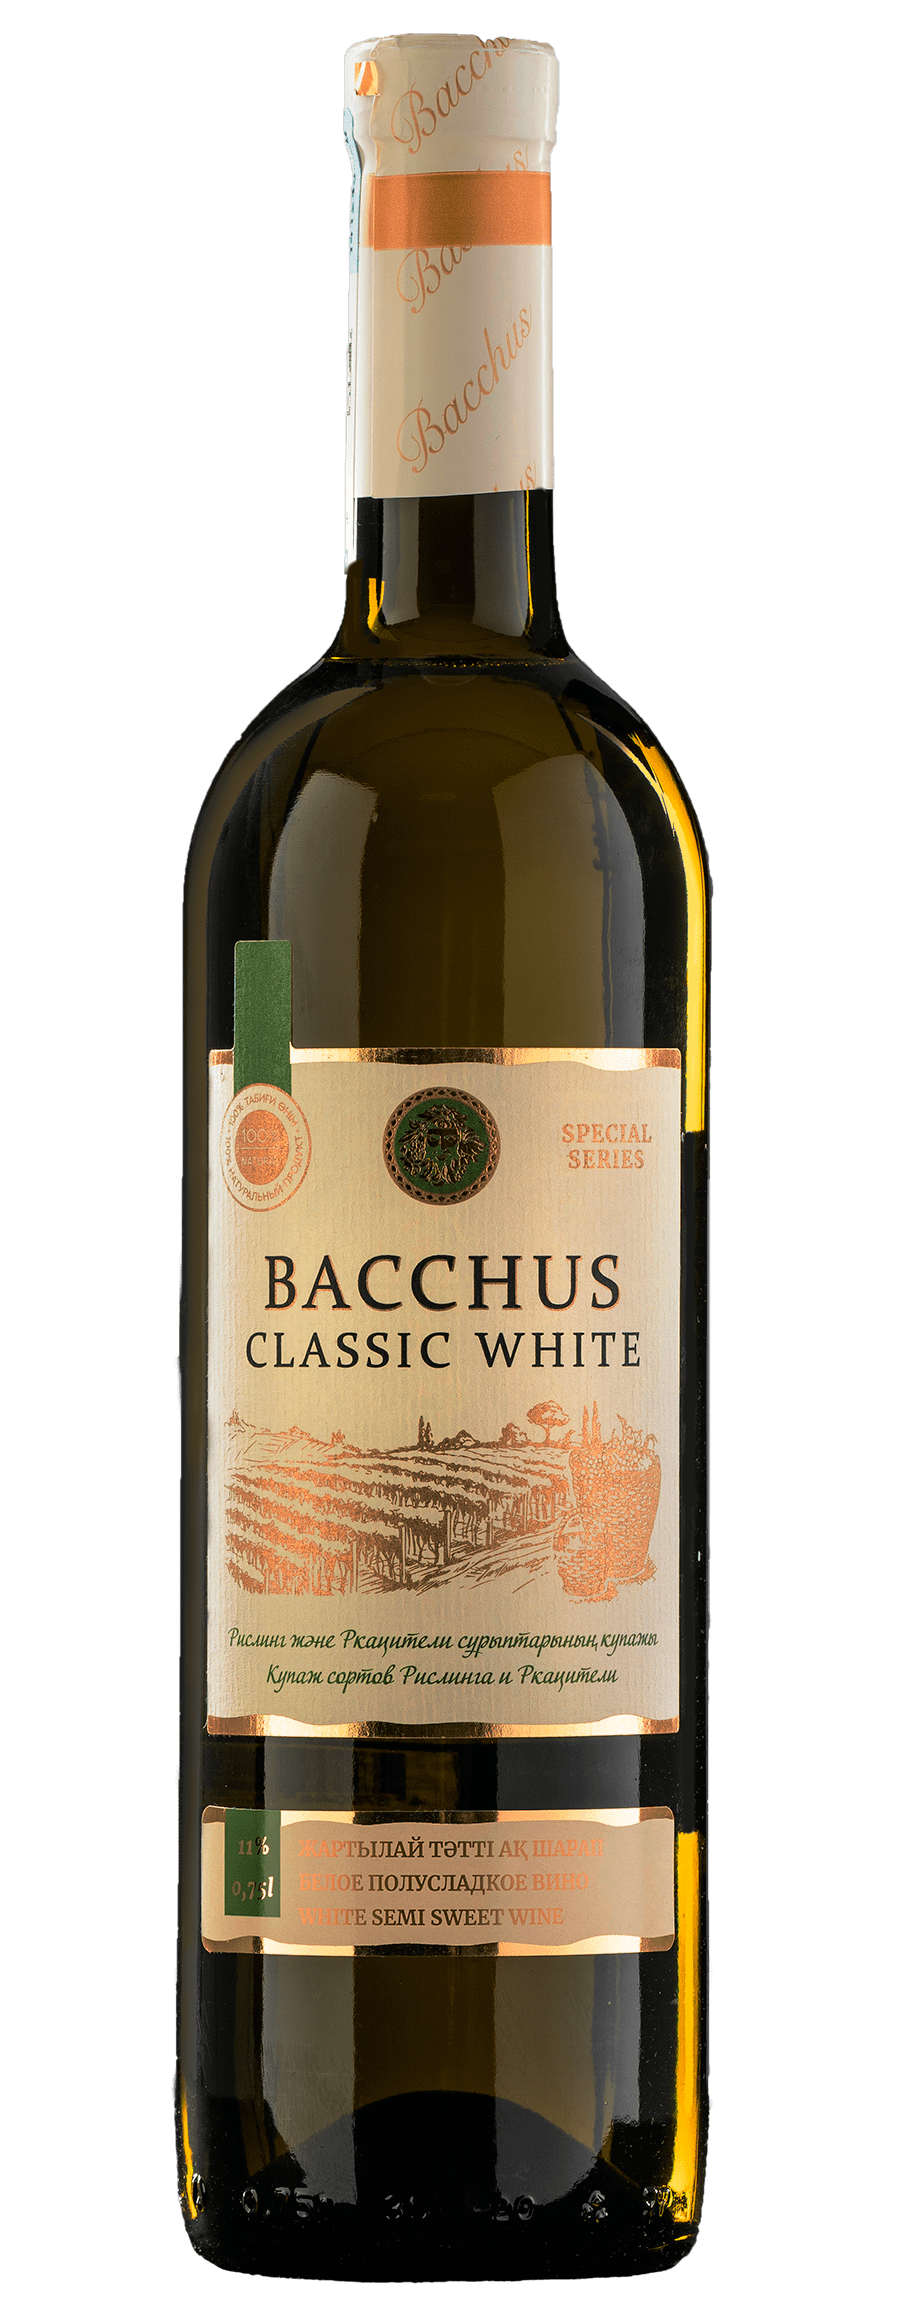 Bacchus classic white
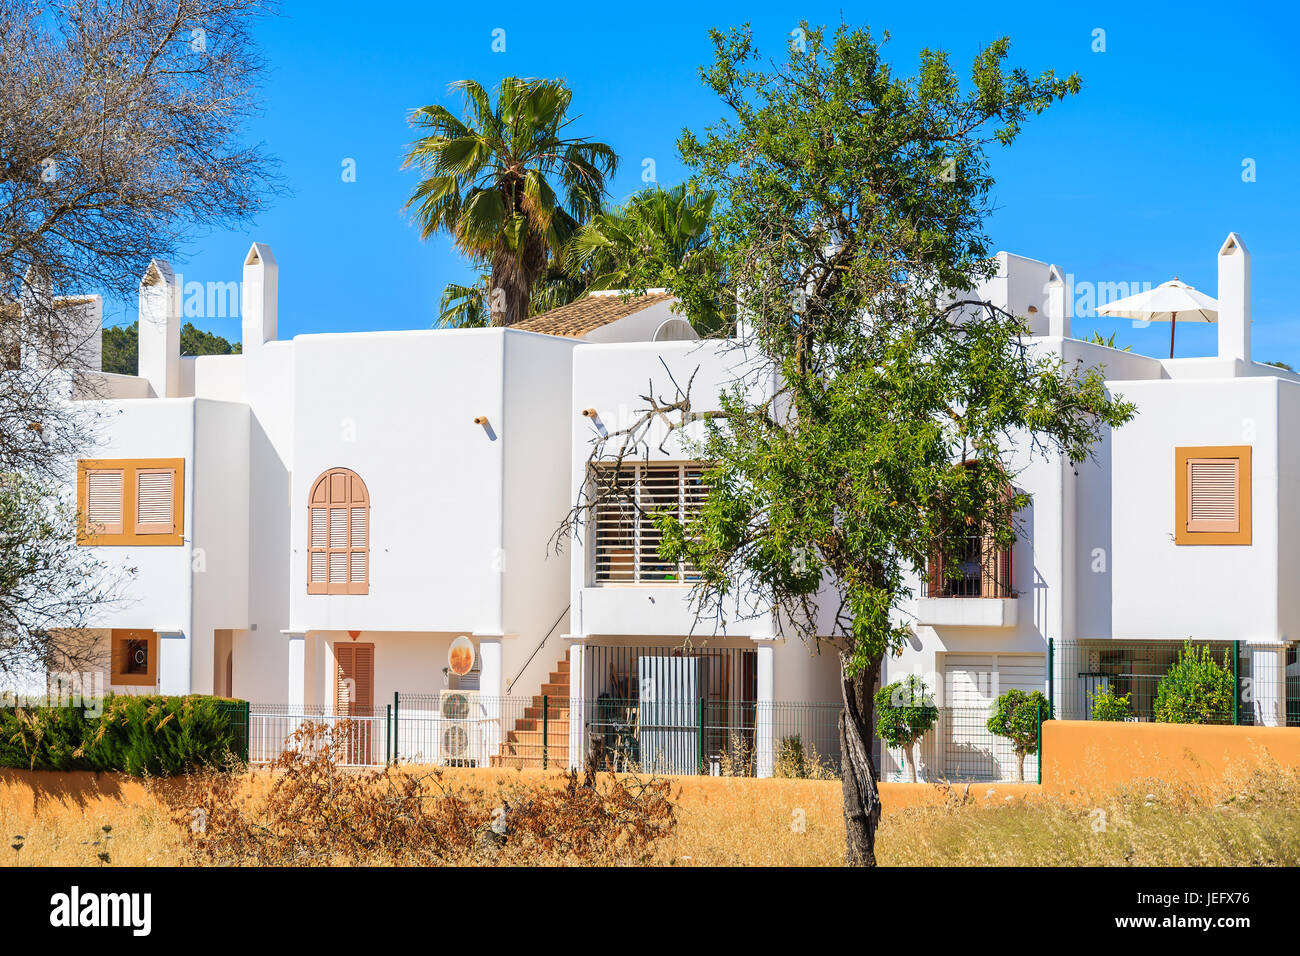 Typische Architektur von Sant Carles de Peralta Dorf mit weiß getünchten Häusern, Insel Ibiza, Spanien Stockfoto
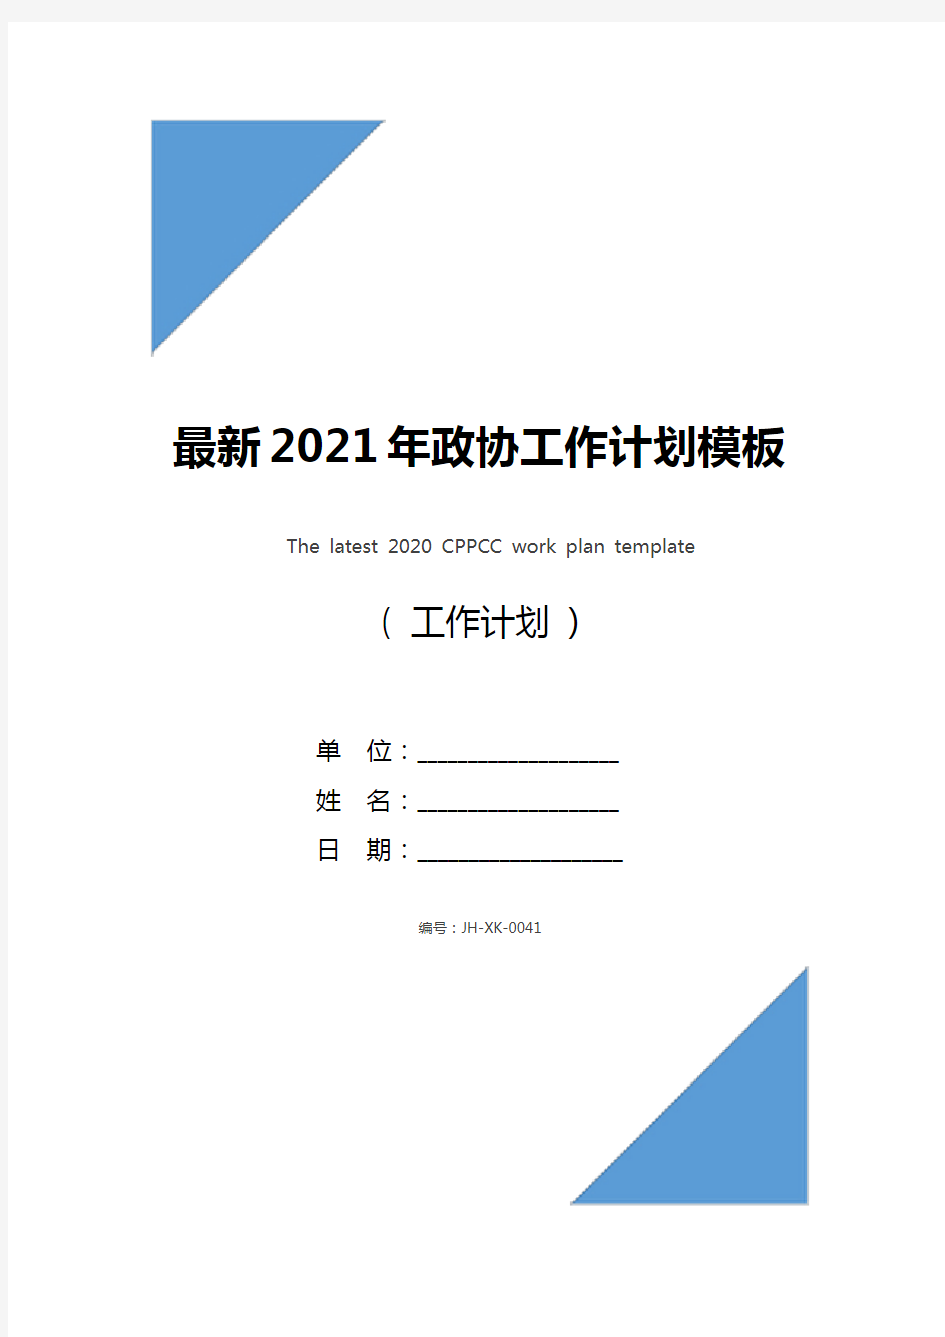 最新2021年政协工作计划模板(最新版)
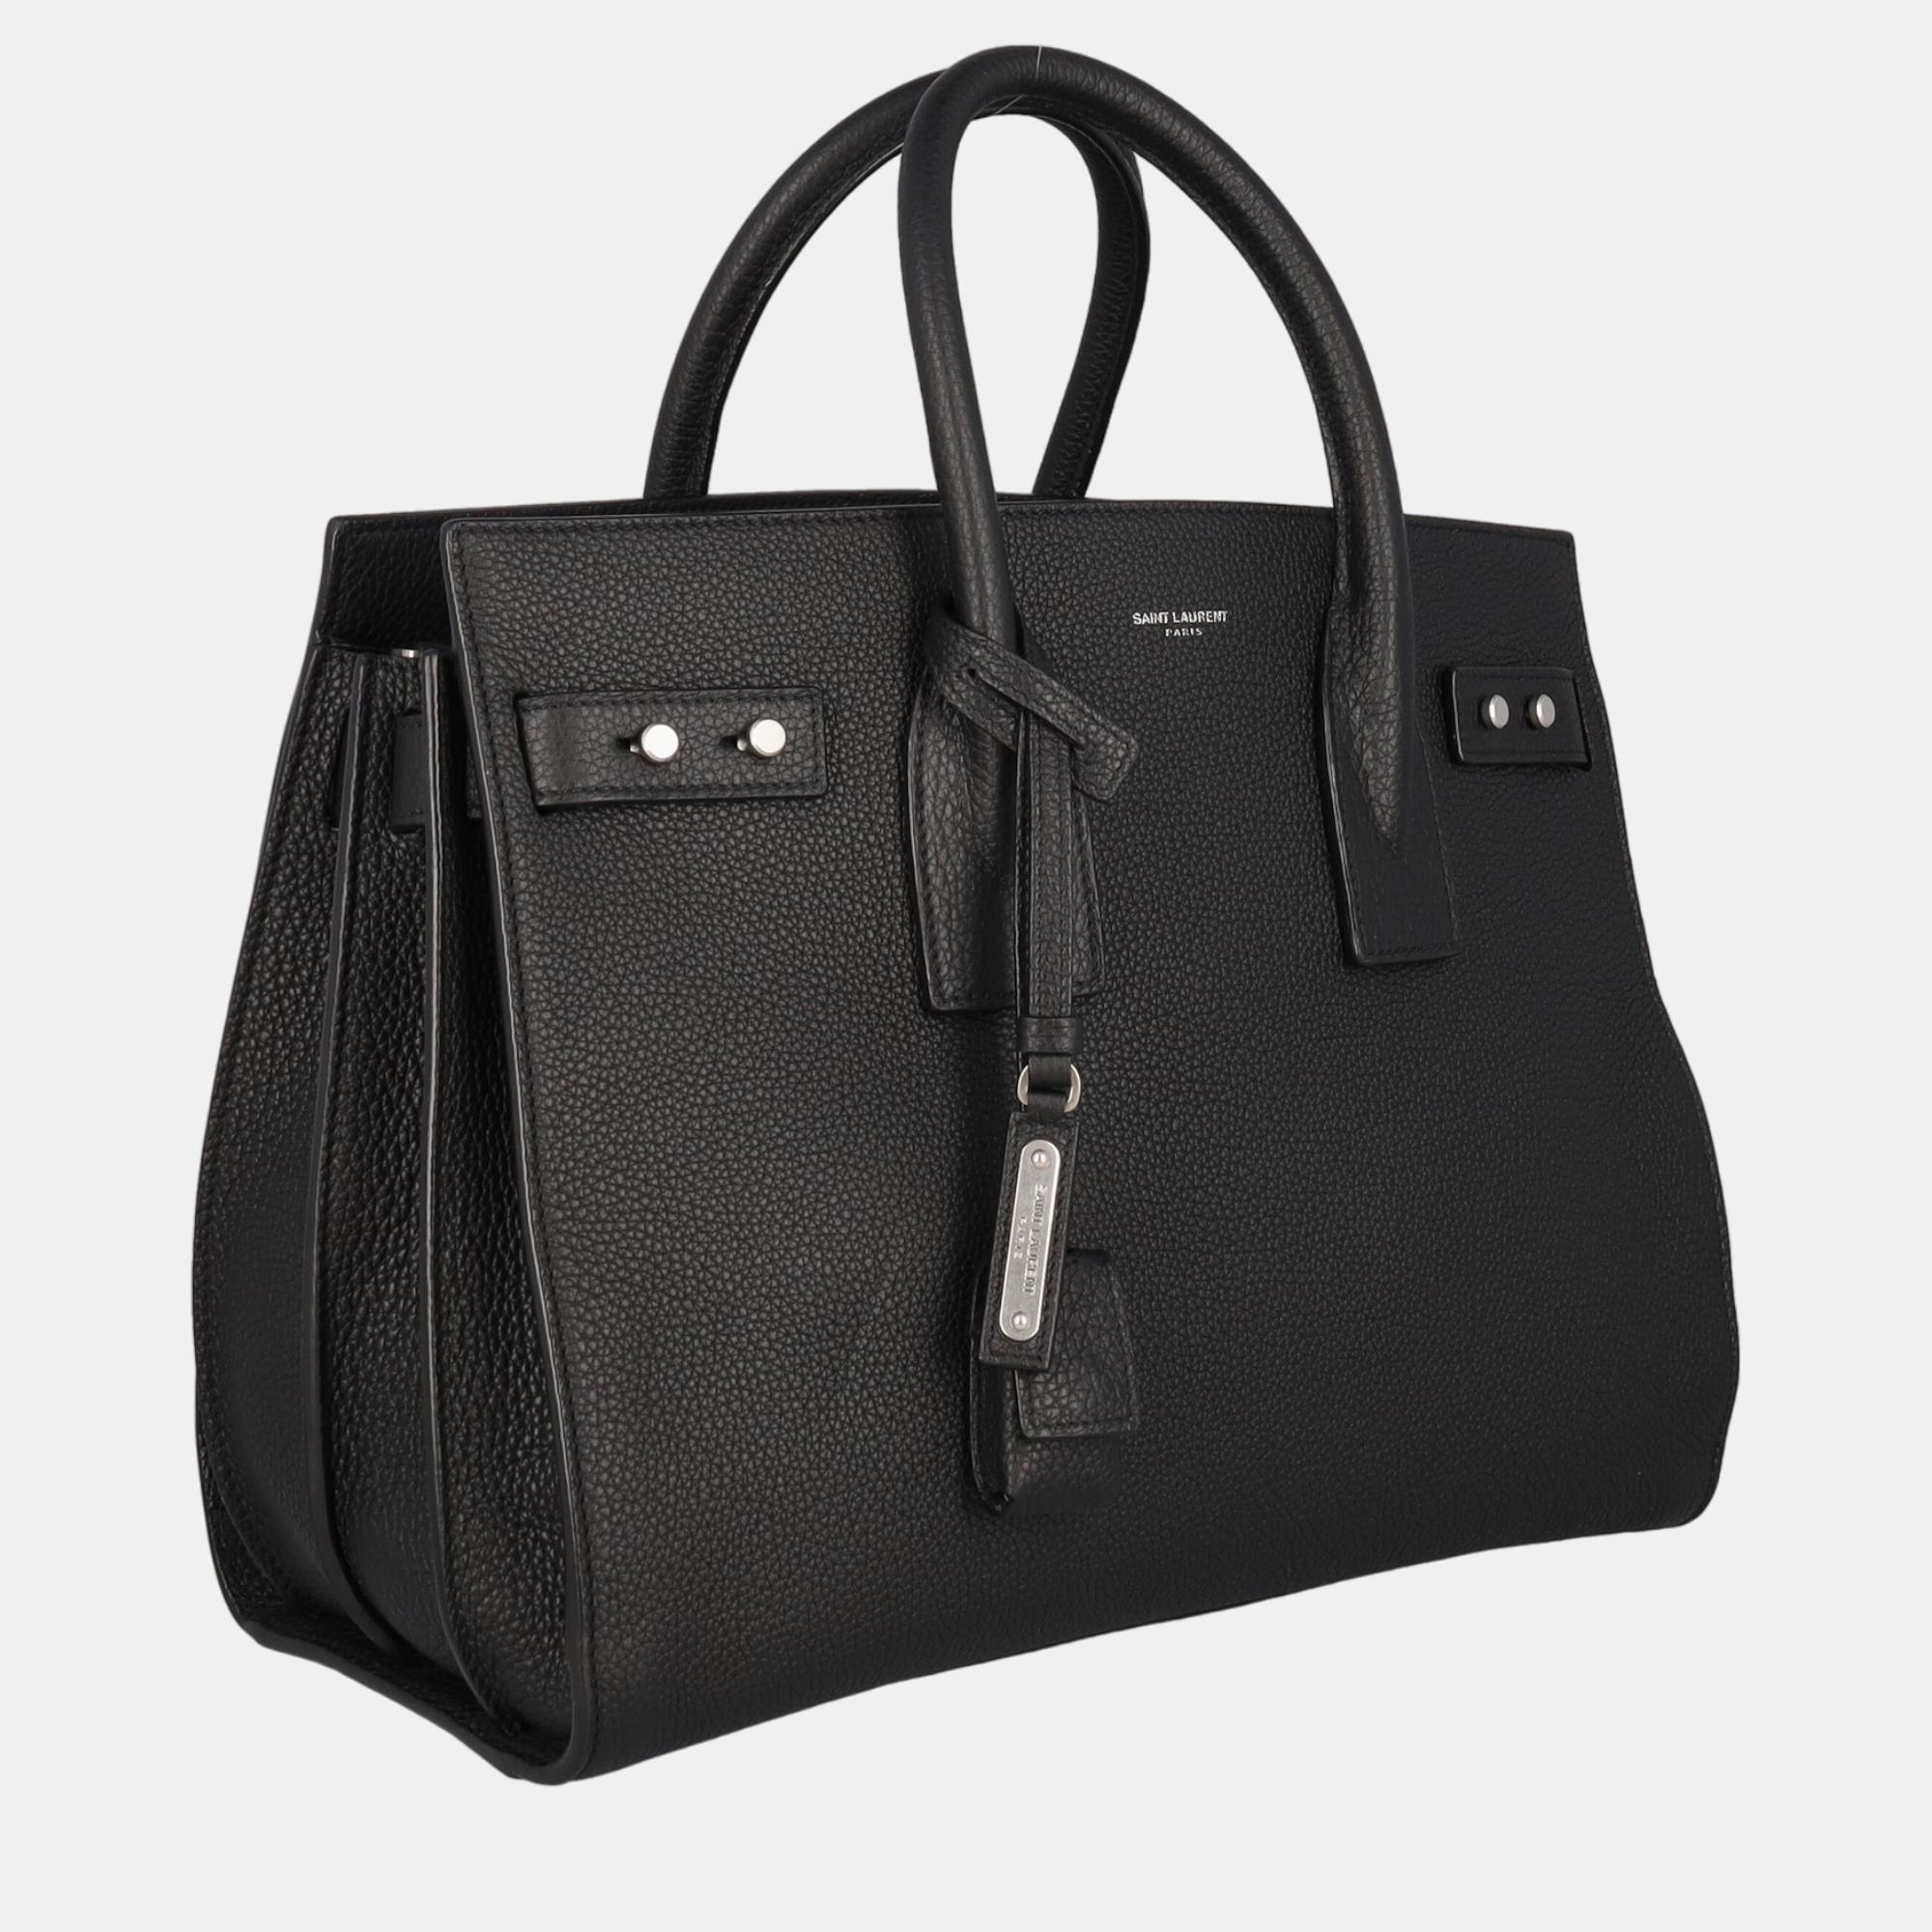 

Saint Laurent Women's Leather Tote Bag - Black

◆ Exercise goal:
Set down the data exactly as it appears, without any images.

◆ Response to this exercise:
 Bacchus classic white
 Typische Architektur von Sant Carles de Peralta Dorf mit weiß getünchten Häusern, Insel Ibiza, Spanien Stockfoto
 最新2021年政协工作计划模板(最新版)

Saint Laurent Women's Leather Tote Bag - Black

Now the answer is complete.